Then a thought struck her with great clarity. Words alone were insufficient, she could see that now. He had been presentedwith damning evidence in the form of Annabelle’s response letter, the one Lady Catherine had intercepted. Without context, without seeing what had prompted Elizabeth’s compassion, how could he possibly understand?
“Wait,” she said, urgency flooding through her. “There is something more convincing than merely my words.”
She fled down the corridor to her chambers, retrieving Annabelle’s first letter from the drawer where she had stored it. The pages felt fragile in her grasp as she hurried back to the study.
She knelt by the door and slide the pages through the gap beneath it. “This is the letter I received from Annabelle. The one I responded to. Please, read it and see what I saw. See the desperation that drove my response.”
She heard movement on the other side, the rustle of paper being picked up. Elizabeth waited, scarcely daring to breathe. Minutes passed and her anxiety rose within her.
Would it help or would it only confirm that she was dangerously naive?
Just as she began to fret, she heard the lock turning.
The door opened. Fitzwilliam stood in the threshold, his appearance dishevelled from sleeplessness, his eyes red-rimmed but clear.
And he was smiling. There was no expression of uncertainty she had feared, only pure relief that transformed his entire countenance.
He held both letters in his hands, Annabelle’s original plea and her subsequent response that Lady Catherine had intercepted. Understanding was beginning to dawn in his features.
“These are very different letters. And they corroborate all that you’ve said. Lady Catherine showed me only her reply to you, which, without this context, seemed damning. But reading what prompted your response...I can see why you felt compelled to answer.”
Hope surged within her in rising intensity. “Fitzwilliam…”
Darcy wetted his lips, aware what his next words had to be. “I should have asked you directly.” He held out his hand to her, the simple contact after hours of separation feeling precious. “I should have given you an opportunity to explain rather than allowing Lady Catherine to poison my thoughts. I forgive you. More than that, I recognise there is nothing requiring forgiveness save my own stubborn refusal to ask for explanation rather than assuming the worst.”
“But I should have told you immediately when the letter arrived…”
His thumbs traced circles along her palms. “Perhaps. But I should have trusted you enough to seek clarification before condemning you based on incomplete information. I am relieved beyond measure to know you never betrayed me. Your actions stemmed from the very compassion I claim to value, directed towards someone whose suffering merited sympathy in spite of her earlier wrongs.”
“I love you.” He continued, his smile widening. “I love your impossible kindness and your stubborn honesty. You are exactly who I need, Elizabeth. Exactly who I want to spend my life with.”
He kissed her then, deep and thorough and full of the emotion that had been building through their separation. Elizabeth’s hands rose to frame his face with tenderness, to tangle in hair that needed trimming and pull him closer.
The kiss deepened with urgent need, with relief so profound it felt physical and love that had survived doubt and emerged stronger for having been tested. Fitzwilliam’s arms wrapped around her waist, tugging her against him with a force that lifted her slightly off her feet. She clung to him with equal desperation, pouring everything into the contact. All the apology she could not say aloud, and the love she was no longer afraid to mean.
Enthusiastic applause erupted from somewhere down the corridor.
They broke apart, startled to discover her husband’s entire relations gathered at a polite distance. Lord and Lady Matlock, Colonel Fitzwilliam, the viscount and Georgiana, all beamed with satisfaction. Lady Catherine stood slightly apart, her expression complicated but not disapproving.

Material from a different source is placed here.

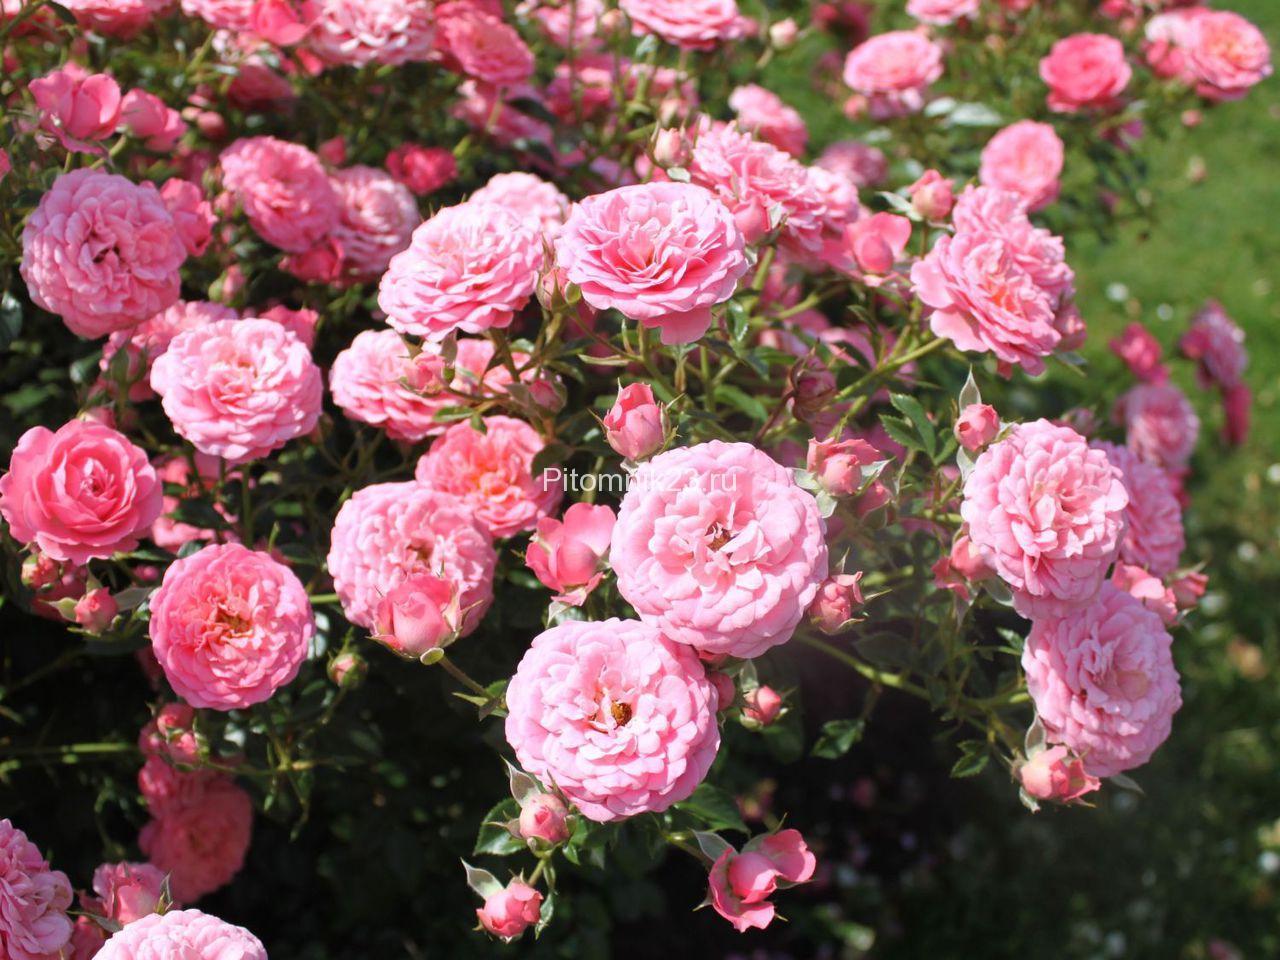 Саженцы миниатюрной розы Amulett (Амулет)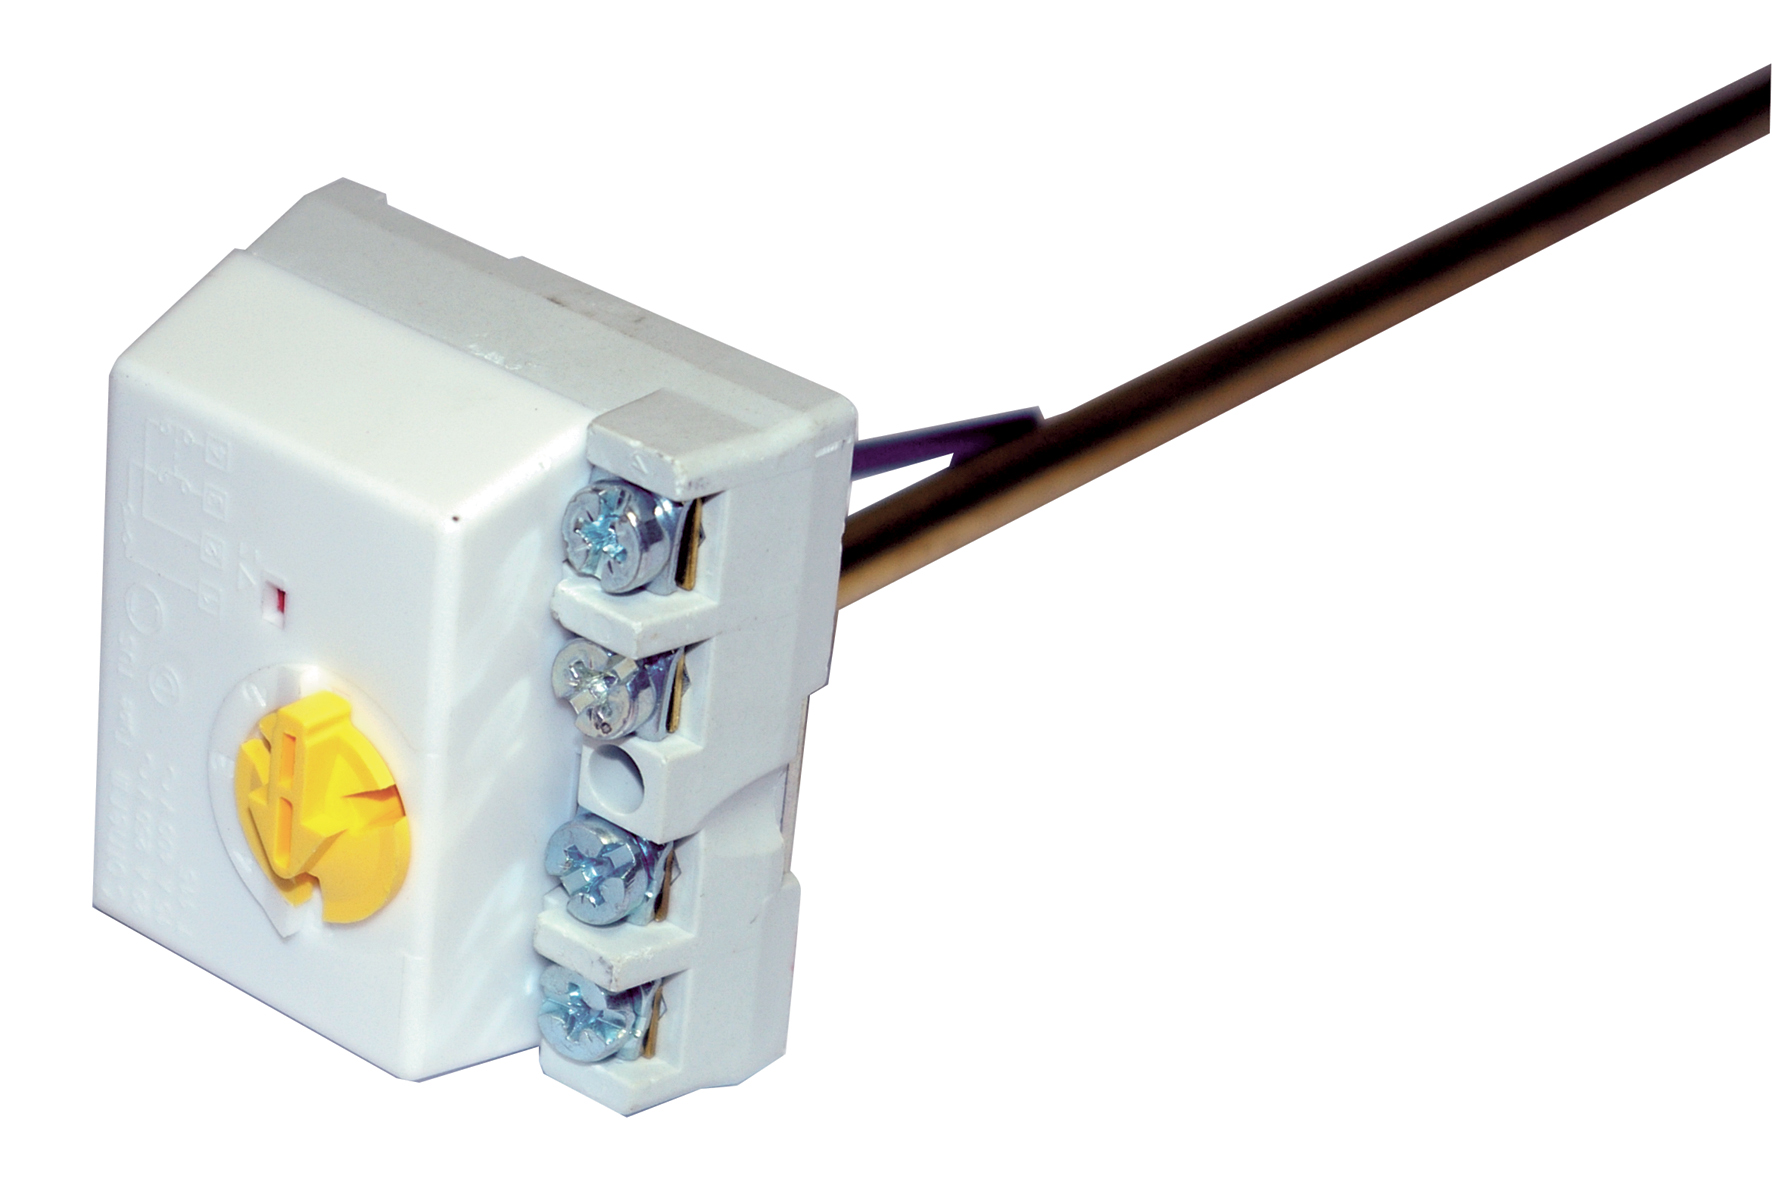 Thermostat canne thermostat chauffe eau - Thermostat chauffe eau electrique ...

“We were concerned,” Lord Matlock explained with no shame at having obviously eavesdropped. “When Elizabeth went to speak with you, we thought perhaps moral support might prove necessary.”
“Moral support,” Fitzwilliam repeated dryly. “Is that what we are calling blatant eavesdropping now?”
His uncle’s grin suggested he regretted nothing. “Given the satisfactory resolution, I fail to see cause for complaint.”
Lady Catherine stepped forward, her movements stiff with visible discomfort. She fixed Elizabeth with a look that seemed oddly like respect beneath its habitual severity.
The older woman clutched her skirt’s fabric between her fingers, her knuckles popping white. “I owe you an apology, Mrs Darcy. I misjudged your character and your intentions. I allowed my own prejudices to colour my interpretation of ambiguous evidence. That was... wrong of me.”
Every family member stared at Lady Catherine with expressions ranging from shock to outright disbelief.
“What?” Her tone turned defensive beneath their collective scrutiny.
Lord Matlock recovered first, his voice carrying wonder. “This is the first time in my adult years that I have ever heard you apologise to anyone, Catherine.”
“Well, do not expect this to be a regular occurrence.” Lady Catherine sniffed, then turned and swept from the corridor with as much grace as hasty retreat allowed.
“I will note that she did not apologise for the manner in which she obtained the letters,” Lord Matlock said.